Mentira número 5: son golpistas
Esta es el mantra más repetido por la derecha nacionalista española, que considera que el referéndum del 1 de octubre, junto con su preparación y su incardinación en el marco jurídico, así como la declaración de semanas después fue un “golpe de estado”. Resulta más que curioso que aquellos que no tienen problemas a minimizar, y en algunos casos a reivindicar el régimen franquista, sean aquellos que más se desgañiten para exigir la aplicación permanente del artículo 155. Sí que hubo un golpe, pero fue inducido por el jefe del estado en su alocución (un implícito llamamiento a la represión) de 3 de octubre. Sus palabras fueron interpretadas como una carta blanca por parte de los cuerpos policiales y el poder judicia (y el TC) para encarcelar con cargos ficticios a buena parte de sus protagonistas, para impedir el nombramiento del presidente Puigdemont forzando vergonzosamente la legalidad o para acusar de terrorismo a quienes cortaban carreteras poseyendo pitos amarillos, como es el caso de Tamara Carrasco. Los jueces europeos no se podían creer lo que veían, de manera que diplomáticamente han desautorizado la justicia-ficción elaborada desde el Supremo, rebajándola reiteradamente por los tribunales europeos a la segunda división europea, justo al lado de Turquía.
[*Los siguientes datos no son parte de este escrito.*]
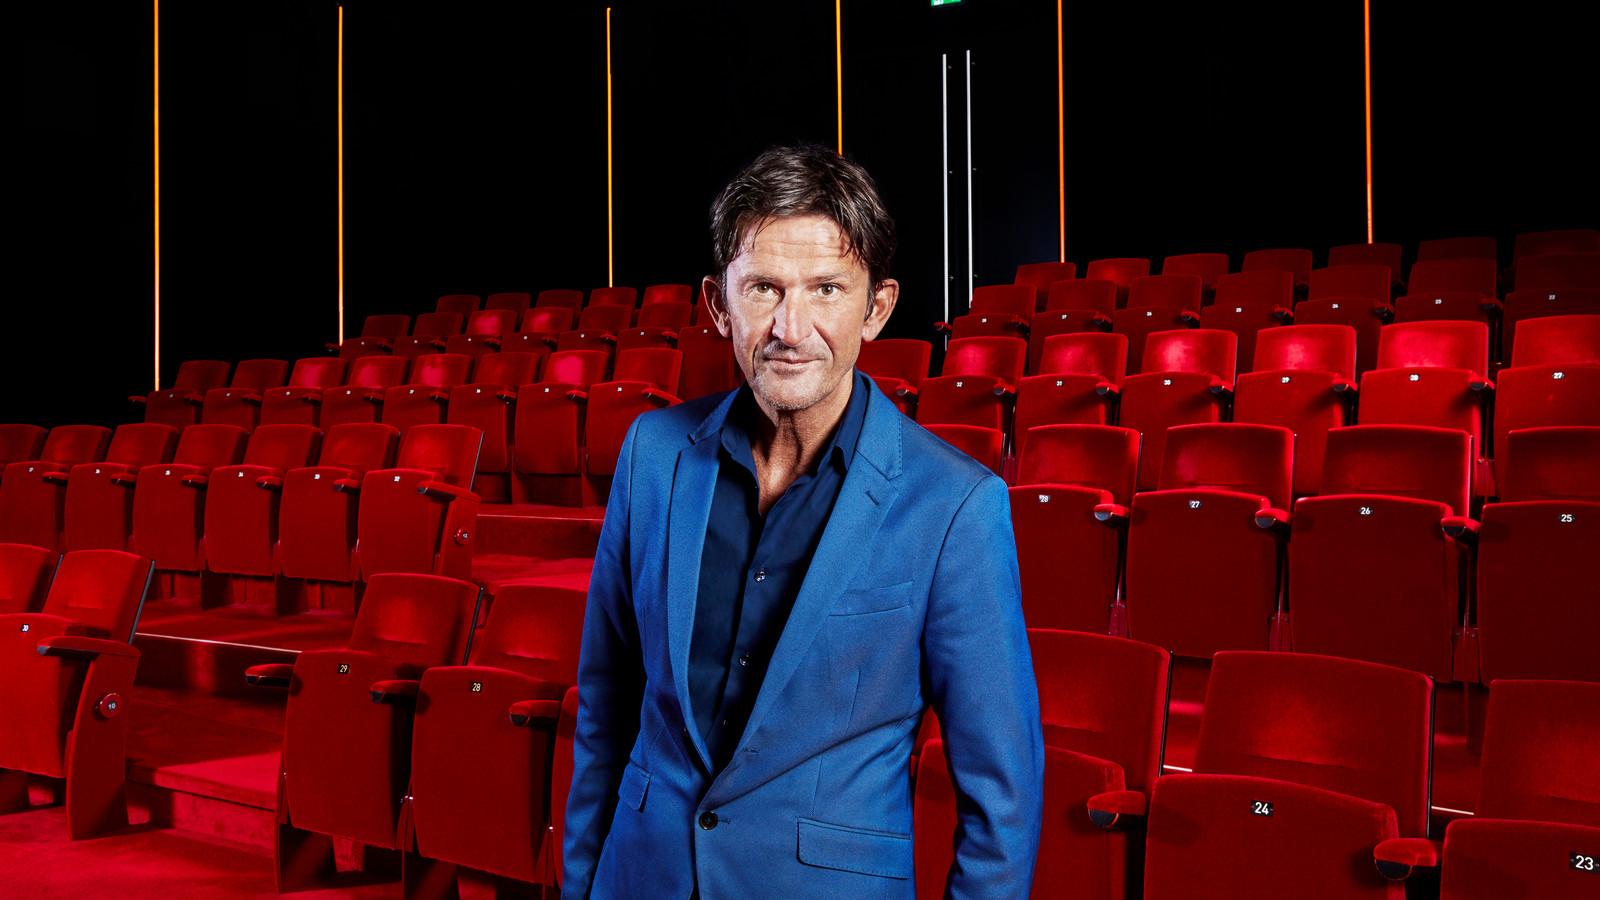 Op NPO Cultuur worden onder meer dagelijks afleveringen Volle Zalen uitgezonden.

Bonus Track núm. 2: es paradójico que,
teniendo en cuenta que la generalización constitucional de las autonomías (el
Café para Todos) se realizó, indiferentemente de la voluntad de la mayoría de
territorios, y con un mapa autonómico surrealista para diluir la innegable
condición nacional de Cataluña y el País Vasco, a lo largo de la aplicación del
155, el único territorio sin autonomía fuera precisamente éste.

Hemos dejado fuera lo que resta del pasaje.